Chris Klieman chuckled at the question.
What is it like to replace a man whose name literally is part of your home stadium? Klieman, in his first season as Kansas State’s coach, said he hoped the reporter was “making more of it than it is.” After all, Klieman understands the enormity of the task at hand: succeeding Bill Snyder.
“I have a tremendous amount of respect for Coach, and I think Coach has a tremendous amount of respect for what we did at NDSU,” Klieman said. “I think it is the right fit — I know it is the right fit at Kansas State. But I can’t get caught up in all that. If I get caught up in all that, then I’m not focused on my job, which is to make sure that we put a great product out there every Saturday and continue to stack good days upon good days.”

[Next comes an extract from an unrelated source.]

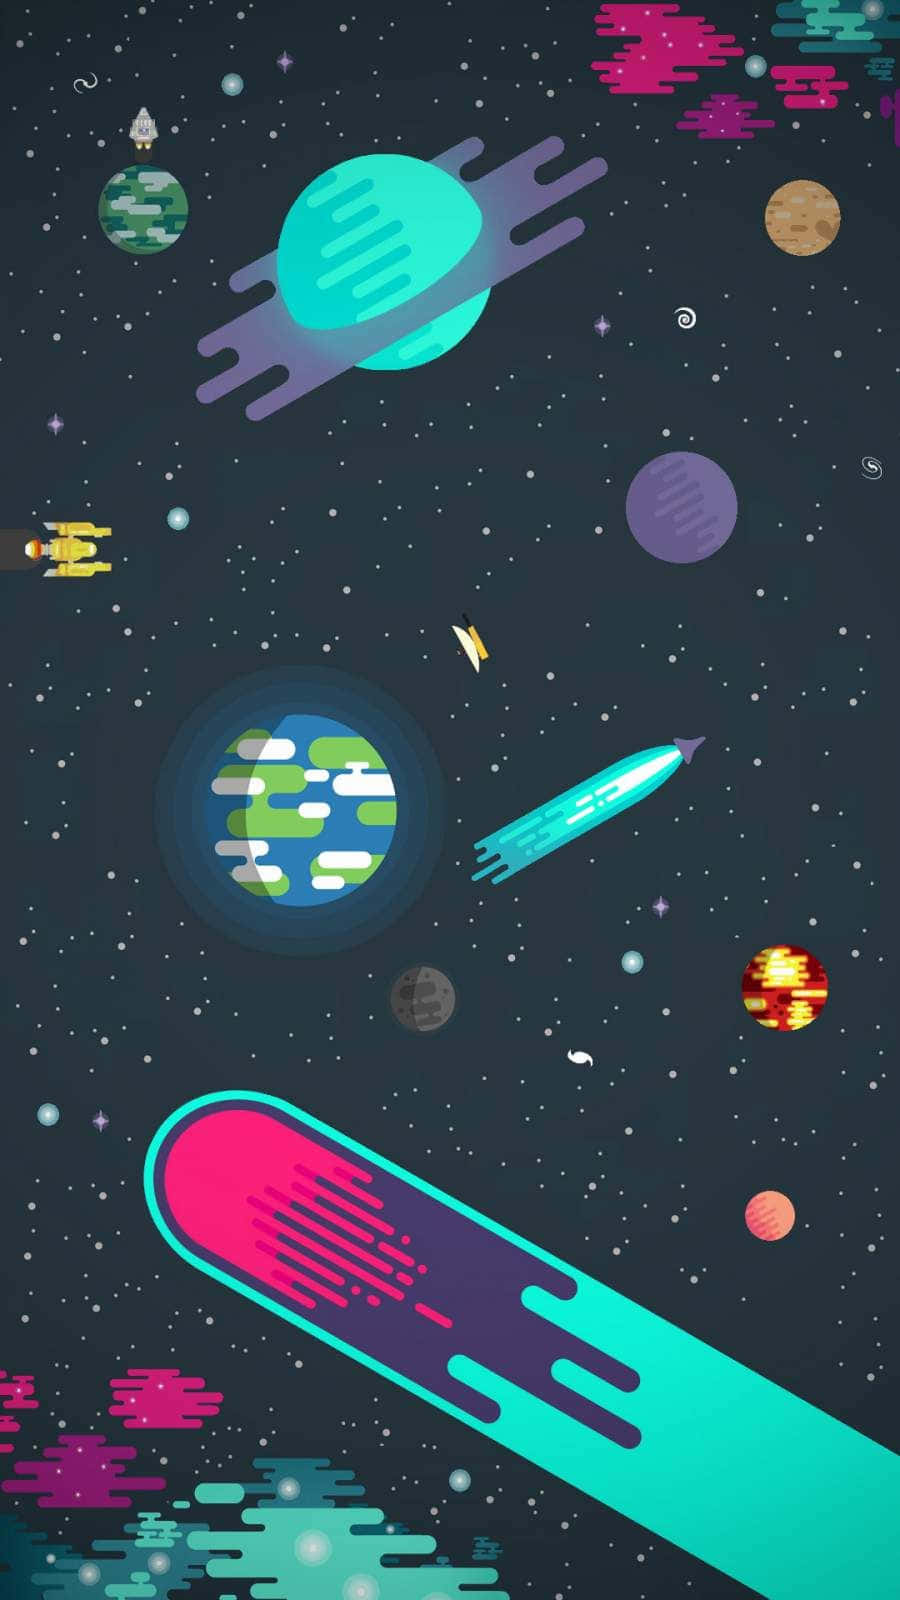 Blast off into adventure with an amazing cartoon space journey! Wallpaper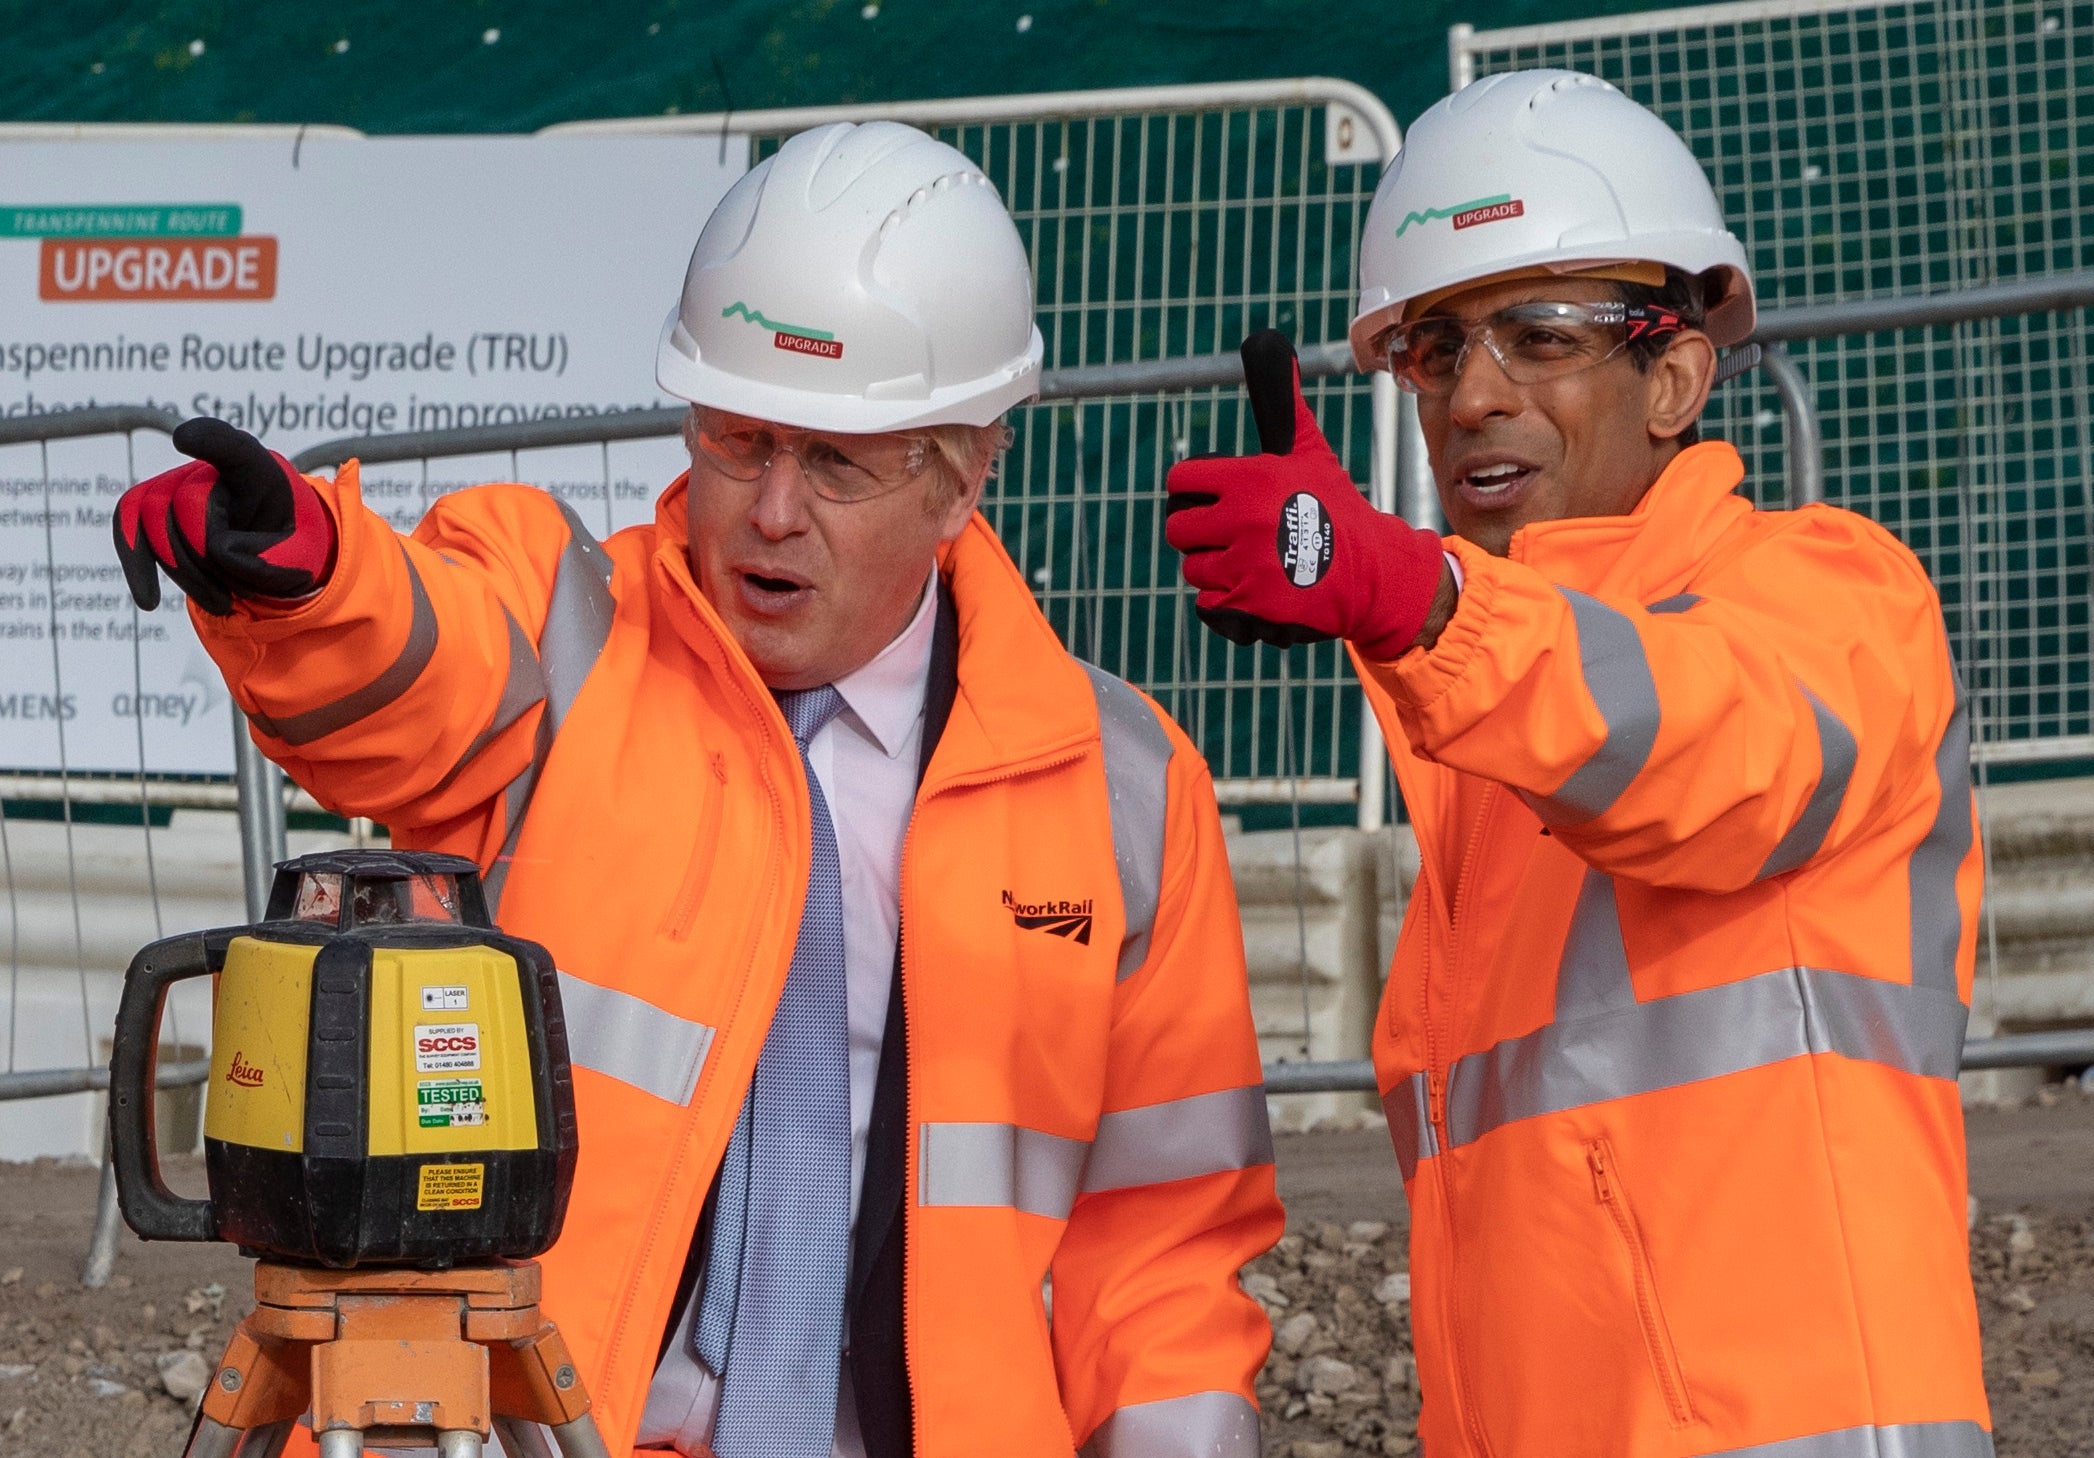 Boris Johnson has reportedly backed a bailout for energy-intensive industries, with chancellor Rishi Sunak under pressure to do the same

During his 27-year tenure coaching the Wildcats, Snyder won more than 200 games en route to a place in the College Football Hall of Fame. That’s not to mention his pair of Big 12 titles and numerous bowl berths. Though he won’t be on the sideline in Manhattan any longer, he’s still around Manhattan. He said he plans to watch every home game from the suite where his family sat for so many years, looking down to the field where he led the program with a watchful eye. Snyder left Klieman notes. And Klieman talks to Snyder’s son, Sean Snyder, often. But the elder Snyder has let Klieman begin to put his own stamp on K-State’s football program.
Which he’s thankful for.
“It’s more him just giving me my space. I appreciate him for that, to be honest with you,” Klieman said. “He’s going to let me do this my way, or ‘our way’ as a staff. I’m excited, because the infrastructure we have is because of him.”
Yet this isn’t the first time Klieman’s been tasked with succeeding a coach with a stellar track record. In fact, it’s his second time in as many jobs. When Klieman took the reins at North Dakota State after the 2013 season, he followed Craig Bohl. The Bison won the FCS national championship three years in a row before Bohl departed for Wyoming. Klieman had no trouble continuing North Dakota’s State run of success — and in some ways, remarkably, improving upon it.
In five years as the Bison’s head coach, Klieman won four national championships. The lone year he didn’t, North Dakota State fell in the national semifinals — to the eventual champion, James Madison.
In all, Klieman went 69-6 in five seasons, a sparkling 92% win rate.
Looking back on it, Klieman said the experience of following Bohl will pay dividends now, especially with so many K-State supporters unsure how their program will fare without the only man who ever consistently won in Manhattan.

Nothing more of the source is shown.